Q 109....tolerating a false religion; the making any representation of God, of all or of any of the three persons, *either inwardly in our mind*, or outwardly in any kind of image or likeness of any creature whatsoever;[534]

Proof......[534] Deuteronomy 4:15-19. Take ye therefore good heed unto yourselves; for ye saw no manner of similitude on the day that the LORD spake unto you in Horeb out of the midst of the fire: Lest ye corrupt yourselves, *and make you a graven image*, the similitude of any figure, the likeness of male or female, The likeness of any beast that is on the earth, the likeness of any winged fowl that flieth in the air, The likeness of any thing that creepeth on the ground, the likeness of any fish that is in the waters beneath the earth: And lest thou lift up thine eyes unto heaven, and when thou seest the sun, and the moon, and the stars, even all the host of heaven, shouldest be driven to worship them, and serve them, which the LORD thy God hath divided unto all nations under the whole heaven.


----------



## NaphtaliPress (Oct 14, 2013)

Good and necessary consequence.

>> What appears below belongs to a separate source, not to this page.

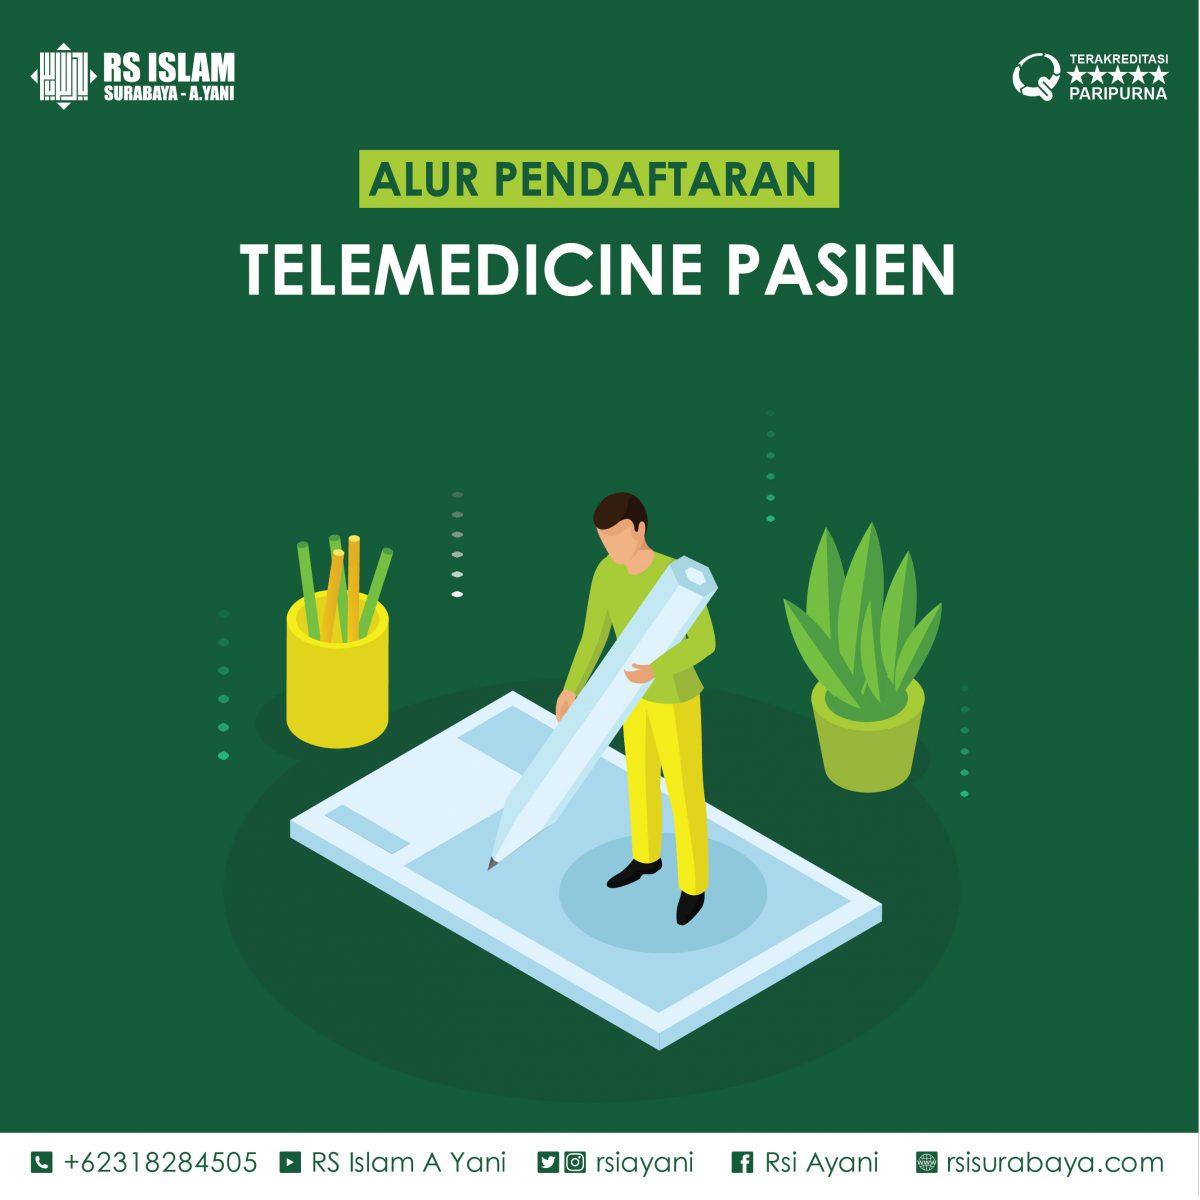 alur-telemedicien-01-1200x1200.jpg

Christ makes it clear that the sixth and seventh commandment reaches to the heart (the mind); therefore so the others. “But I say unto you, That whosoever looketh on a woman to lust after her hath committed adultery with her already in his heart” (Matt. 5:28). Likewise before we can make a physical idol we do so in our mind first. This is one of the proof texts for the second of the 8 rules for rightly understanding the ten commandments given in LC 99. “2. That it [the law of God] is spiritual, and so reacheth the understanding, will, affections, and all other powers of the soul; as well as words, works, and gestures (Romans 7:14; Deuteronomy 6:5; Matthew 22:37–39; Matthew 5:21–22, 27–28, 33–34, 37–39, 43–44.)


----------



## NaphtaliPress (Oct 14, 2013)

N.B. The proof text from Romans 1 also brings in the concept of the imagination.


----------



## earl40 (Oct 14, 2013)

NaphtaliPress said:


> Good and necessary consequence. Christ makes it clear that the sixth and seventh commandment reaches to the heart (the mind); therefore so the others. “But I say unto you, That whosoever looketh on a woman to lust after her hath committed adultery with her already in his heart” (Matt. 5:28). Likewise before we can make a physical idol we do so in our mind first. This is one of the proof texts for the second of the 8 rules for rightly understanding the ten commandments given in LC 99. “2. That it [the law of God] is spiritual, and so reacheth the understanding, will, affections, and all other powers of the soul; as well as words, works, and gestures (Romans 7:14; Deuteronomy 6:5; Matthew 22:37–39; Matthew 5:21–22, 27–28, 33–34, 37–39, 43–44.)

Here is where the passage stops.